У идеологемы "стабильности и порядка" есть еще одна характерная особенность, которая вообще не позволяет считать ее основополагающим признаком какой бы то ни было идеологии. Будучи последовательно проведен в жизнь, этот лозунг неминуемо приводит нас на кладбище - поистине то самое место, где стабильность и порядок предстают в совершенном виде. Не является основополагающим принципом консерватизма и клерикализм. Мало кто знает, что создателями так называемого "шотландского направления" в масонстве были именно якобиты - сторонники низвергнутой династии Стюартов. Это течение является, если пользоваться современной политической терминологией, крайне консервативным. Тем не менее, я сильно сомневаюсь, чтобы какая бы то ни было христианская деноминация одобрила трактовку жизни Христа, принятую в масонстве.

Многие считают принцип защиты прав собственника безукоризненно консервативным. Но именно в Пруссии, монархия в которой многие годы считалась идеалом консервативного государства, едва ли не впервые в истории был сформулирован в Прусском уложении 1794 г. принцип отчуждения земельной собственности в интересах государства. К слову сказать, наибольшая путаница имеет место в вопросах соотношения консервативной идеологии с экономической политикой. Тех, кто называет себя современными российскими консерваторами, отличает удивительная некомпетентность в экономических вопросах. Любая же дискуссия с ними на экономические темы обычно заканчивается риторическим вопросом: "А почему бы не врезать ему (инициатору дискуссии) как следует?" - что немедленно переводит интелектуальный диалог в принципиально иную плоскость, а именно в плоскость стола, опасно сближающегося с лицом оппонента. Неудивительно поэтому, что многие авторы, видимо устав от сложных попыток определения основ консерватизма, не мудрствуя лукаво, кладут в основу принцип силы и провозглашают Сталина предтечей постсоветского консерватизма. Словом, путаница страшная.

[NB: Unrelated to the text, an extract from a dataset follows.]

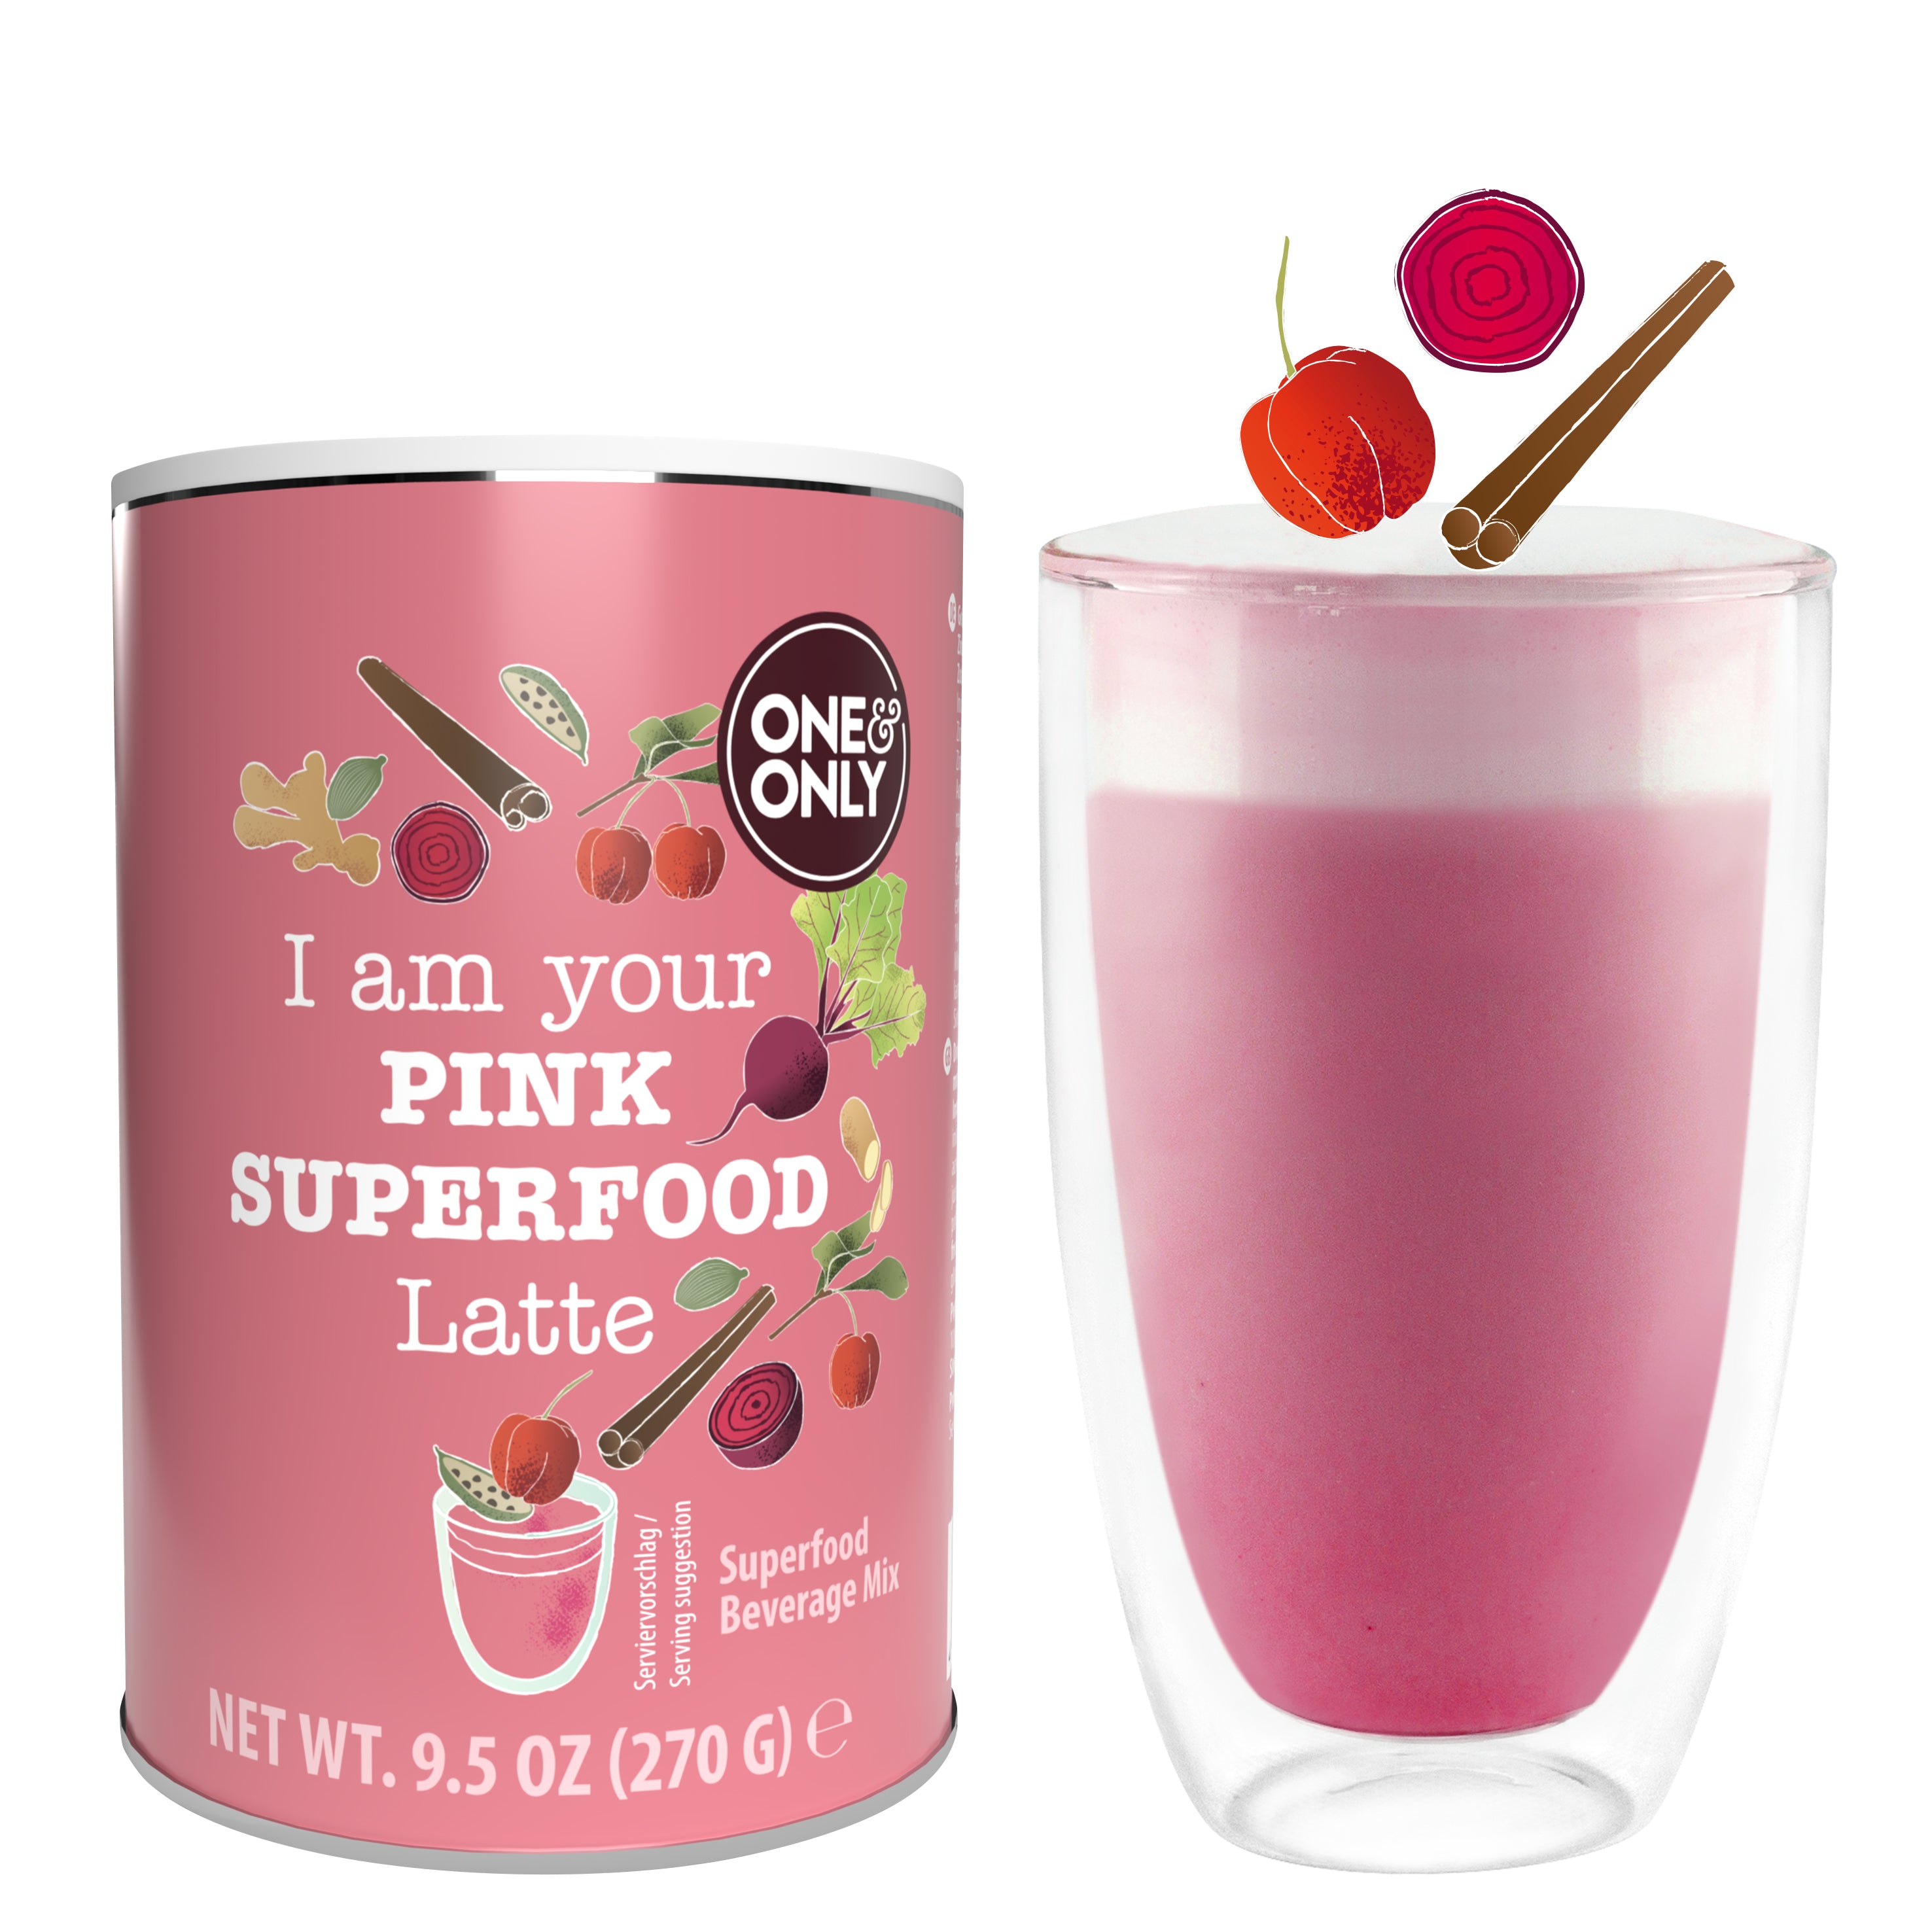 ONE&ONLY Pink Superfood Latte

Основной принцип консерватизма.

Я проще хочу сказать, чтобы всем было проще и понять, что мы ведь ничего нового не изобретаем. Мы свою страну формулируем.

В. С. Черномырдин.

Все вышеизложенное должно натолкнуть нас на мысль, что первопричина этой путаницы именно в том, что никто из пишущих на тему консерватизма не удосужился сделать главное: вычленить тот основополагающий принцип консерватизма, который не подлежат изменению, который надо либо принимать безоговорочно, либо отвергать, отрицая тем самым свою принадлежность к консервативному сообществу. При это я не утверждаю, что подобная работа не проведена в каких-либо политологических центрах, а лишь говорю о том, что широкой публике об этом ничего не известно.

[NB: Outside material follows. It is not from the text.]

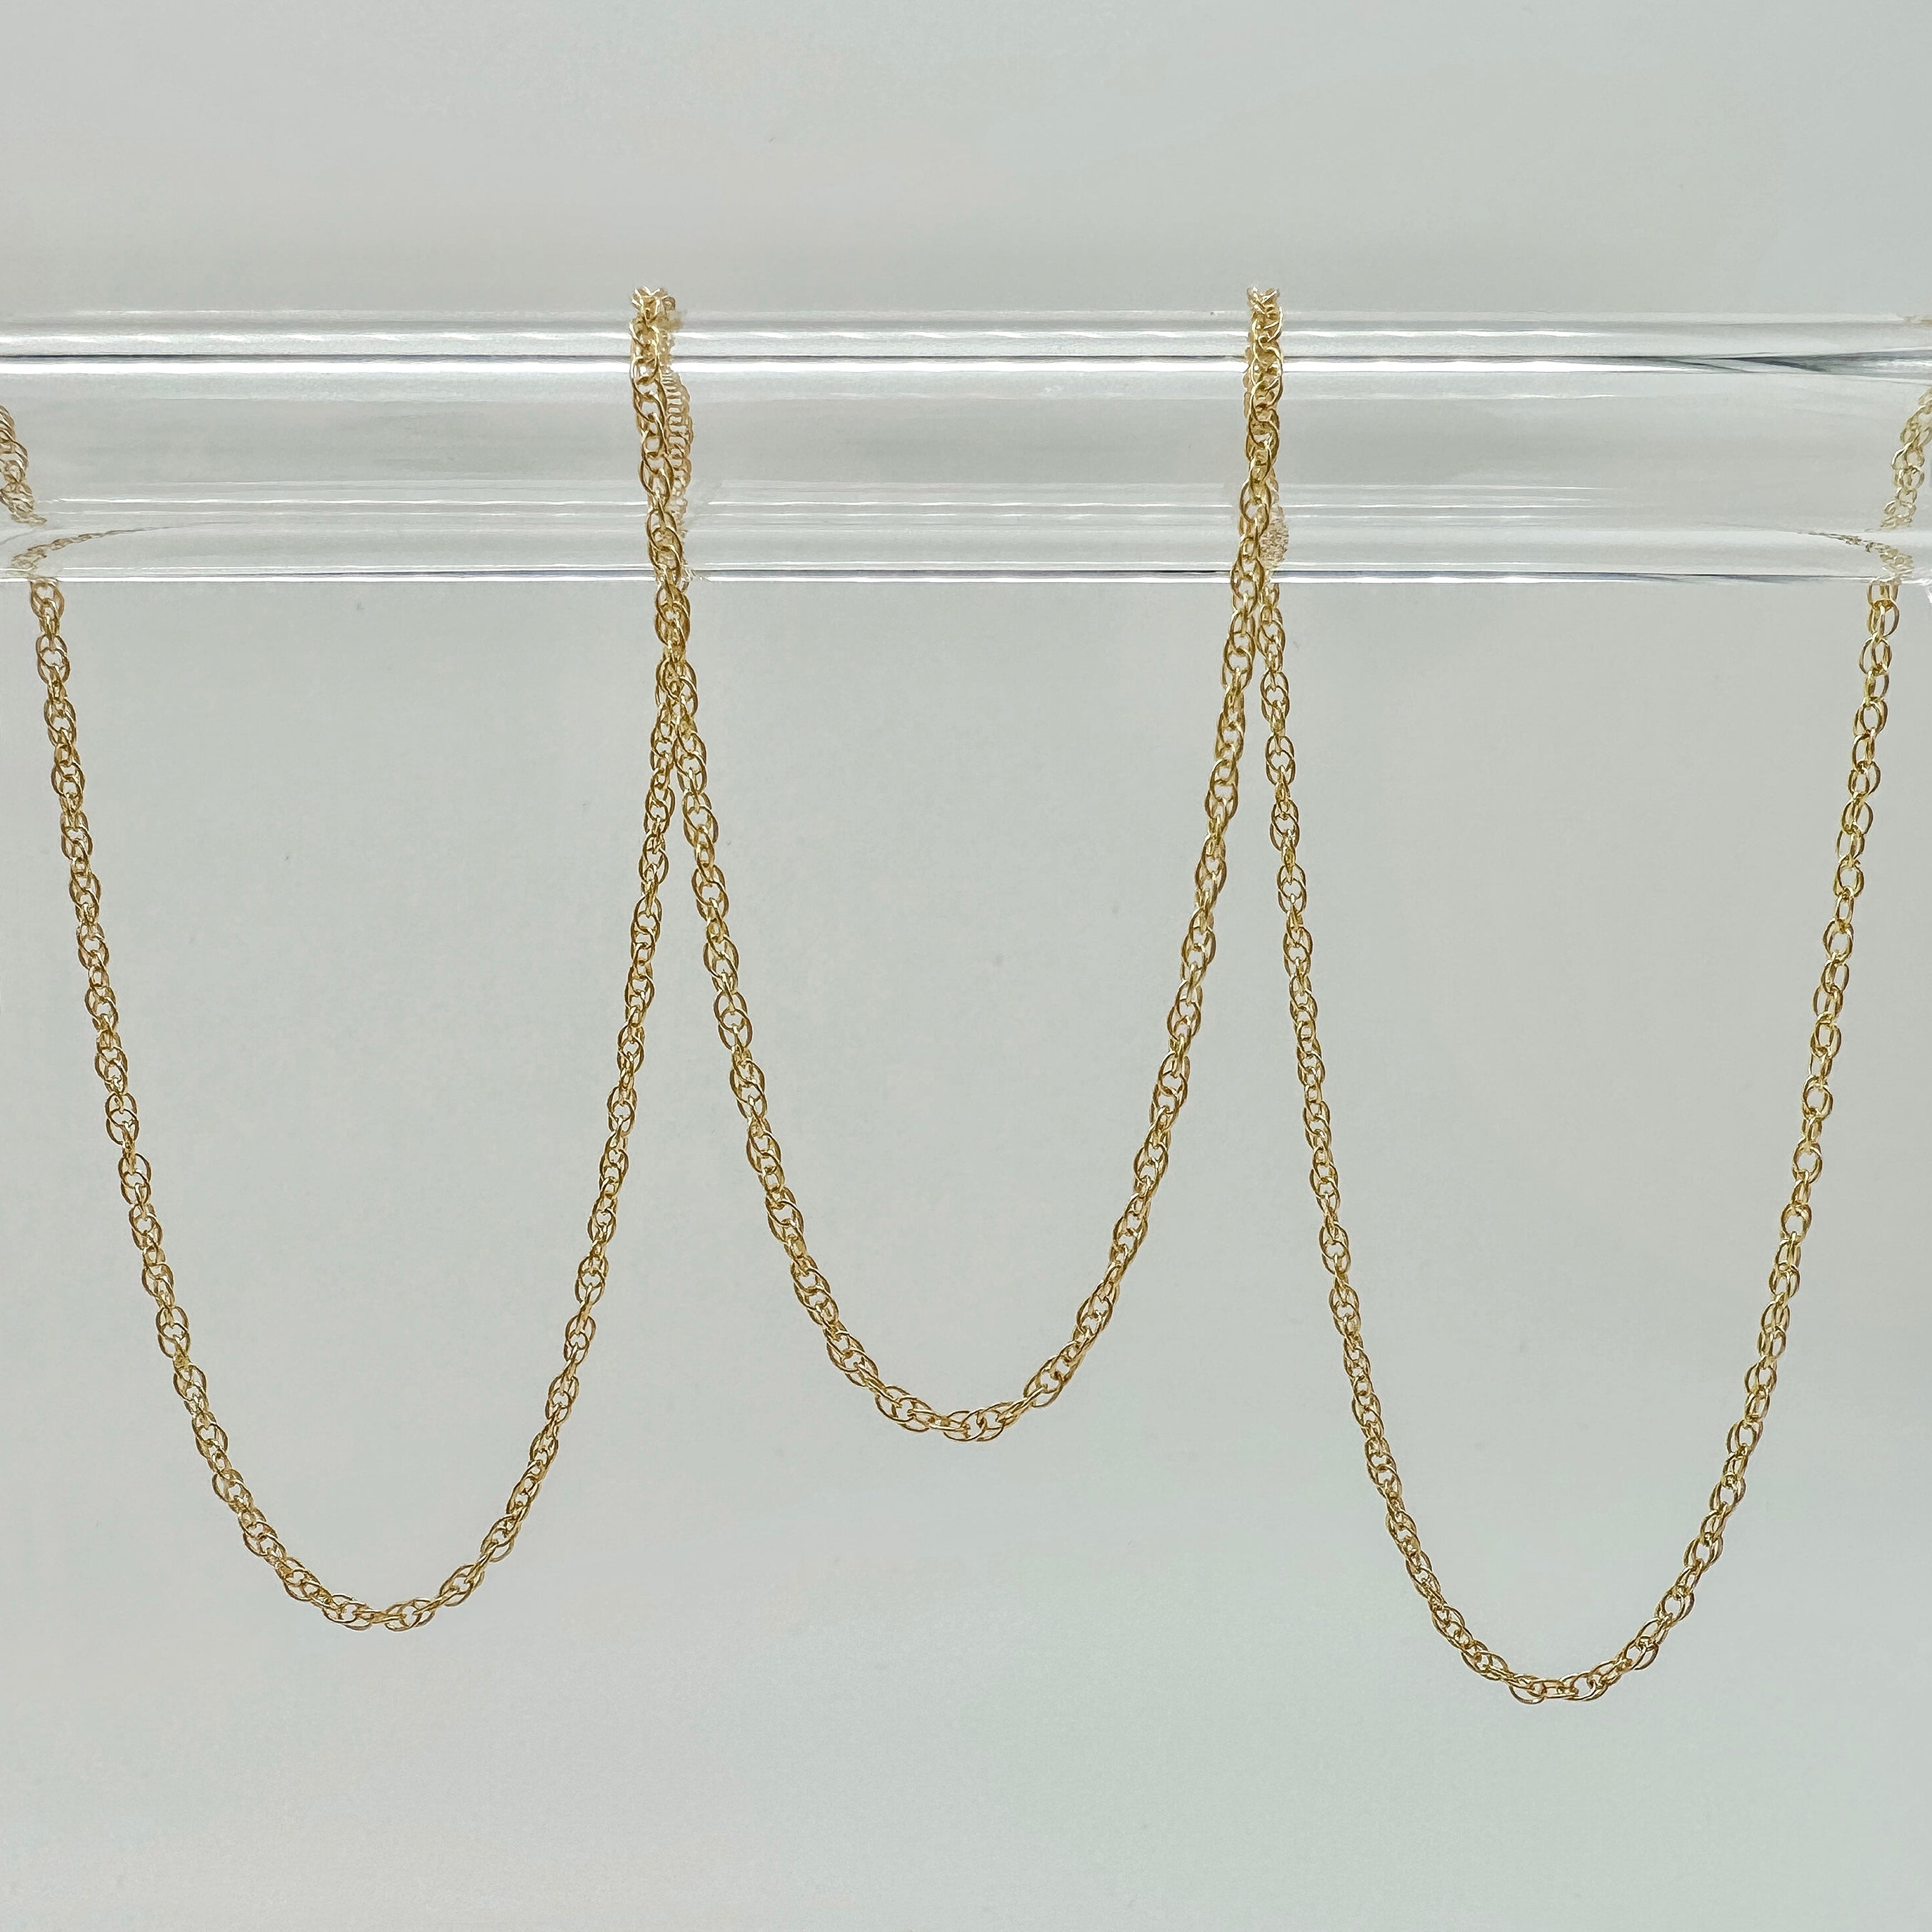 gold filled rope chain permanent jewelry supplies

Разработка методологии идеологического анализа осуществлена классиками политической мысли уже давно. Применительно к нашей теме уместно воспользовался методом американского политолога Рональда Дворкина, который предложил метод политического анализа, основывающийся на вычленении "базовых программных пунктов" и "прикладных пакетов программ", на определенном этапе развития помогающих воплотить в жизнь эти базовые пункты. Дворкин подобным образом проанализировал основополагающие принципы либерализма американского образца, а в качестве «побочного продукта» сформировал и базовый принцип консерватизма по-американски. Поиск основополагающего принципа консерватизма привел Дворкина к следующей мысли: таковым принципом консерватор считает защиту идеала добродетели, на которой должно базироваться общество и государство, причем сама добродетель есть продукт мирной эволюции, а не некий умозрительный идеал, претворяемый в жизнь насильственным путем.

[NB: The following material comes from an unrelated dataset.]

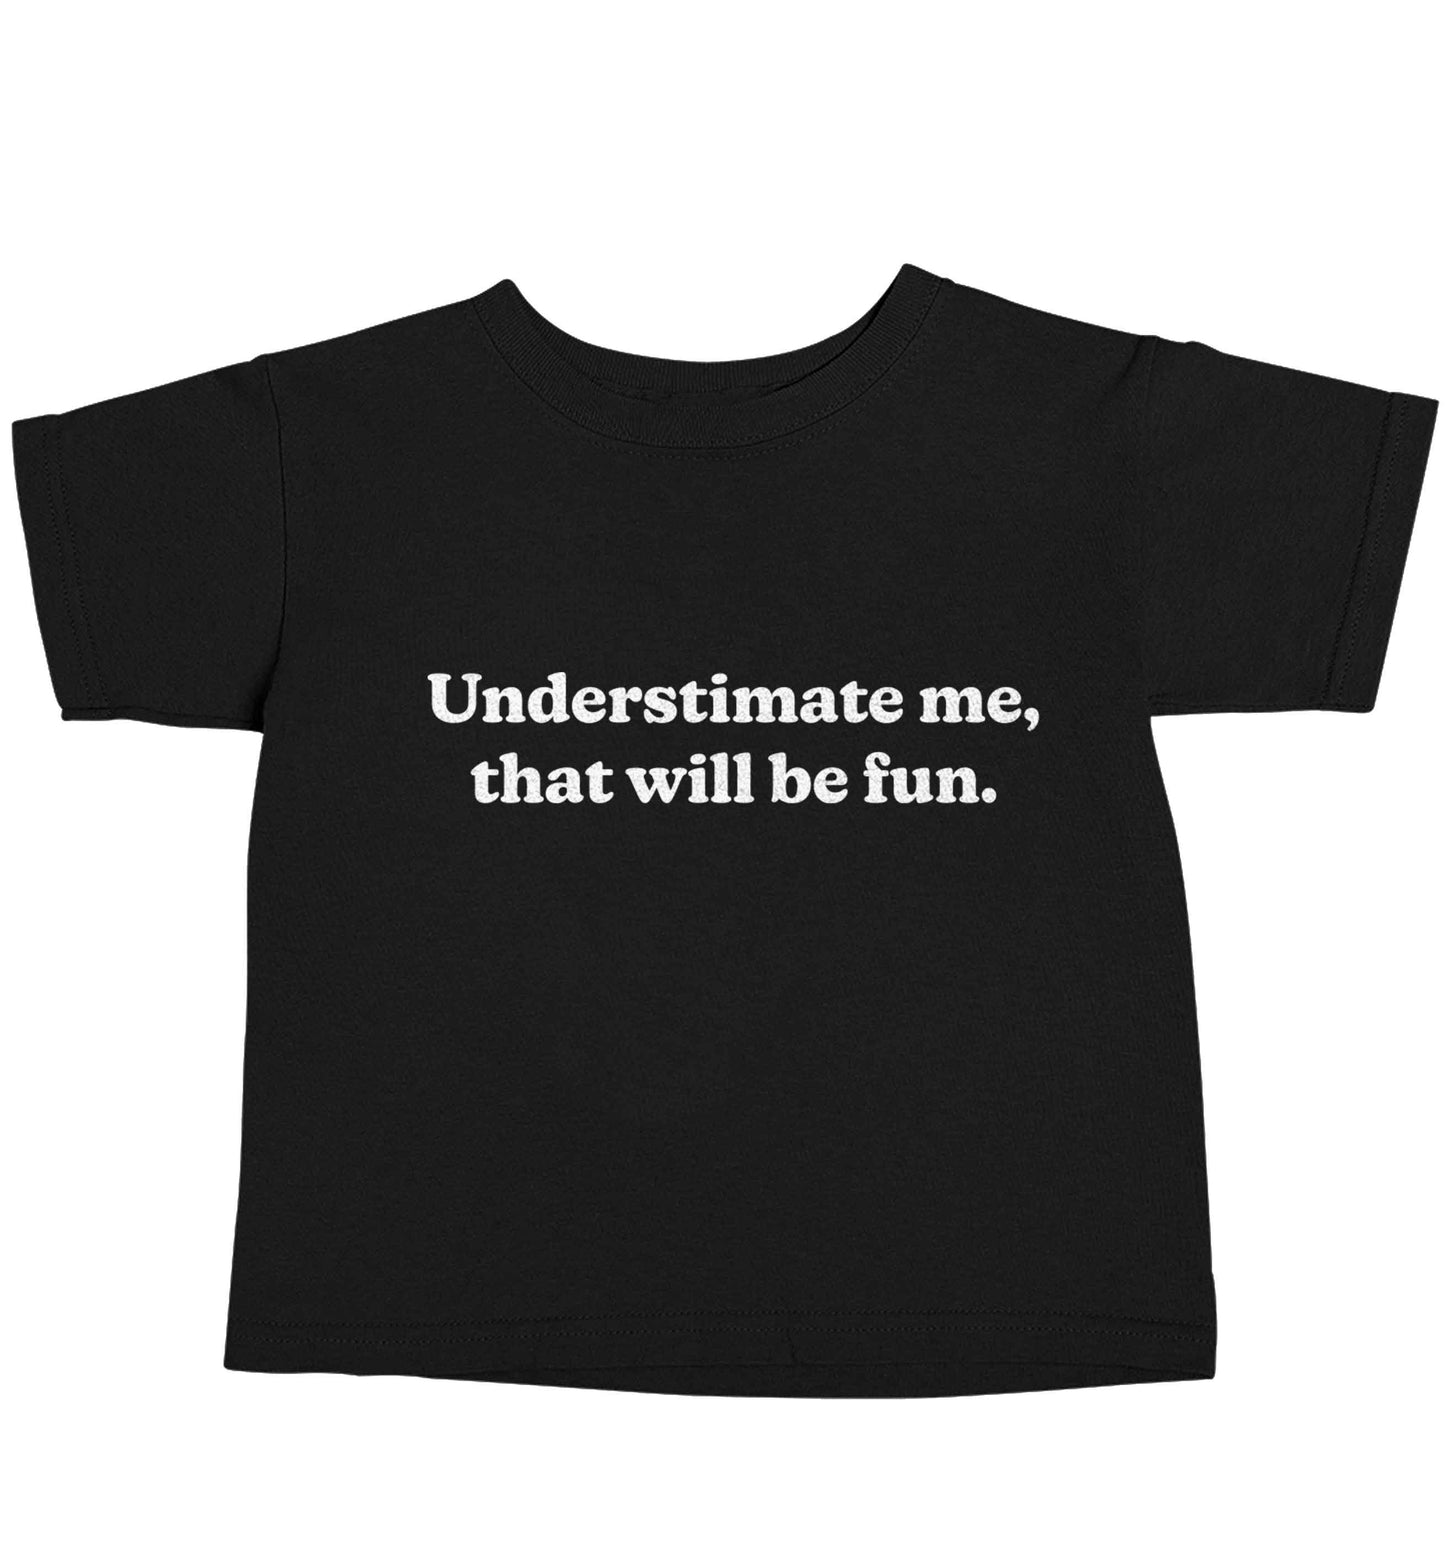 Underestimate me that will be fun Black baby toddler Tshirt 2 years

Сказанное выше нужно дополнить тезисом крупнейшего политолога русского зарубежья Сергея Гессена: он в свою очередь считал основополагающим принципом консерватизма принцип Блага. "Консерватизм", - пишет Гессен, - "подчиняет право благу целого, причем носителем этого блага он признает государство, коего простым орудием и волеизъявлением является право. Отрицание поэтому права консерватизмом есть постольку условное отрицание: как простое орудие, как инструмент в руках государства, право им признается. Подчиняя право государству, как носителю Блага, консерватизм мыслит Благо наполненным определенным историческим содержанием - национальным или религиозным, т.к. только такому содержанию присущ характер исторической объективности, отличающей Благо консерватизма. Благо государства, а не каждого отдельного лица есть таким образом Благо консерватизма. По отношению к этому Благу отдельные лица имеют только обязанности, но не права. Они суть по отношению к нему простые средства, не имеющие самостоятельной ценности. Будучи историческим по своему содержанию, Благо консерватизма трансцендентно: поэтому оно не только не требует преобразования земной действительности, но готово, напротив, освятить всякую действительность, любое человеческое установление, лишь бы только оно подчинилось ему как средство цели. Цель эта в последнем счете единоверие, равенство духовного убеждения всех, одинаковость определяющего жизненное поведение содержания. Выставляемое как благо государственного целого, содержание это естественно носит национально-религиозный характер".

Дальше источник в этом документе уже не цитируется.